Intrusive thoughts after birth are common in women with a previous diagnosis of depression and anxiety. This can result in Perinatal Mood and Anxiety Disorders that make the symptoms of intrusive thoughts worse.
2. Obsessive-Compulsive Disorder (OCD)
OCD (Obsessive-Compulsive Disorder) affects many people and consists of recurring thoughts, images, sensations, and impulses that feel like they are out of your control. These feelings drive you to act out repetitive compulsions, such as excessive handwashing, tapping, blinking, and more as a way to feel in control of your symptoms.

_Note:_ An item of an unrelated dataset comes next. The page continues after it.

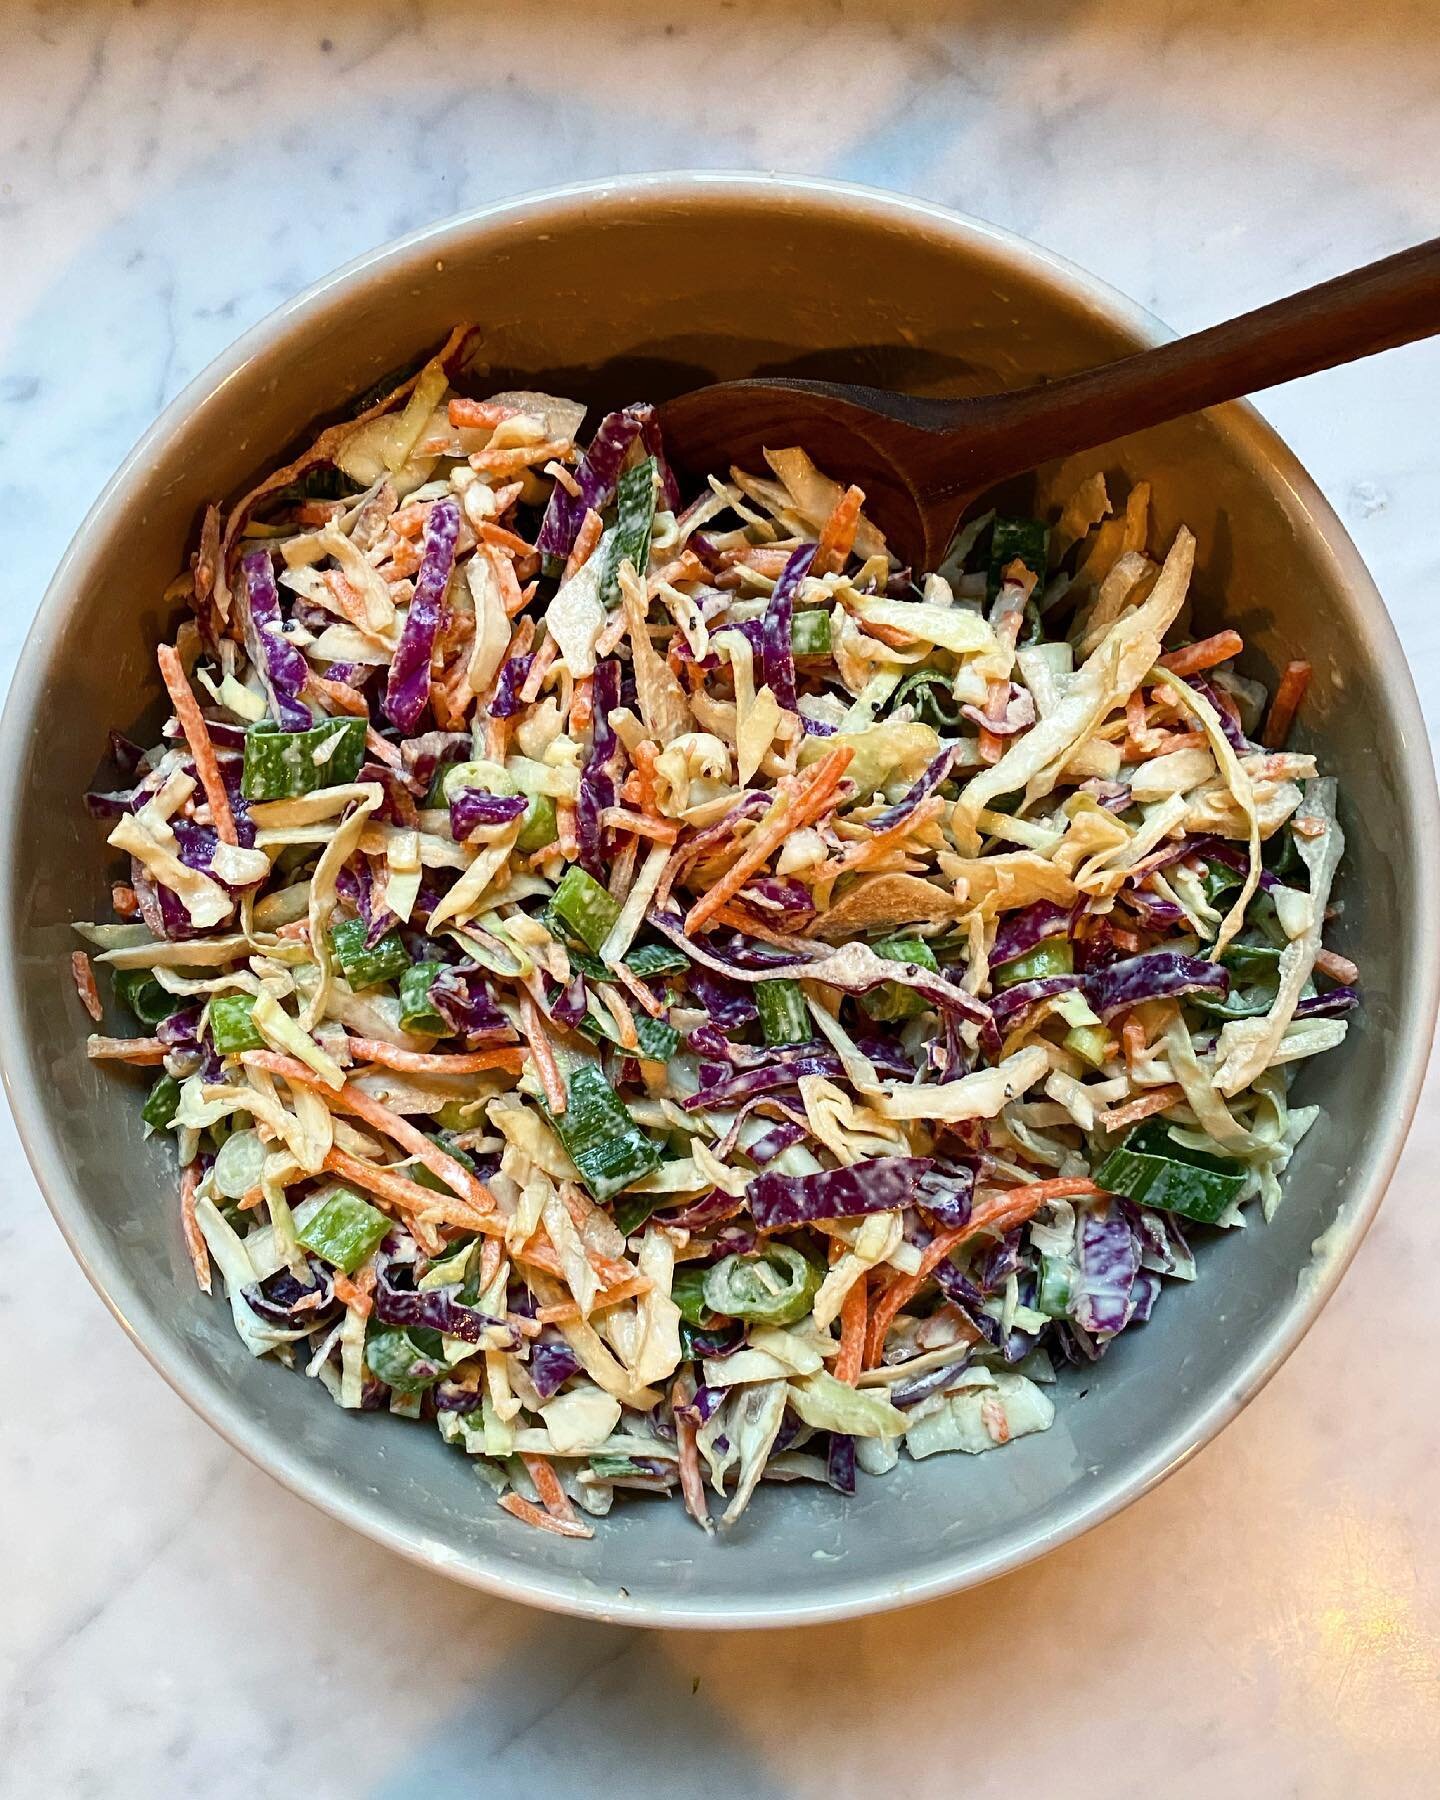 Slaw doesn&rsquo;t need mayo to be good. This one has a healthier dressing of @mightysesameco tahini, fresh lemon juice and Dijon
#eatmoreplants #cookityourself

OCD jumps dramatically for many new parents with a previous diagnosis. This jump is often the result of a lack of sleep, increased stress, and changes in hormone levels.
For new parents who are struggling with their mental health at this time, Karen Kleiman, psychotherapist and founder of The Postpartum Stress Center encourages new parents that, “Postpartum depression and anxiety are very treatable. No matter what your symptoms are. No matter how bad you feel. No matter how high your distress is […] What matters is that you get the help you need.”
How to Manage Postpartum Intrusive Thoughts
If you are struggling with postpartum intrusive thoughts, there are steps you can take to manage and eventually overcome them.
1. Identify Your Triggers – Manage Intrusive Thoughts As A New Parent
Intrusive thoughts are often spoken about through the lens of mental health. However, for many new parents intrusive thoughts arise from feelings of anger.
Whether it’s the middle of the night and your baby won’t stop crying or you’re struggling with extreme exhaustion, how you’re feeling can create the ‘perfect storm’ for intrusive thoughts to appear.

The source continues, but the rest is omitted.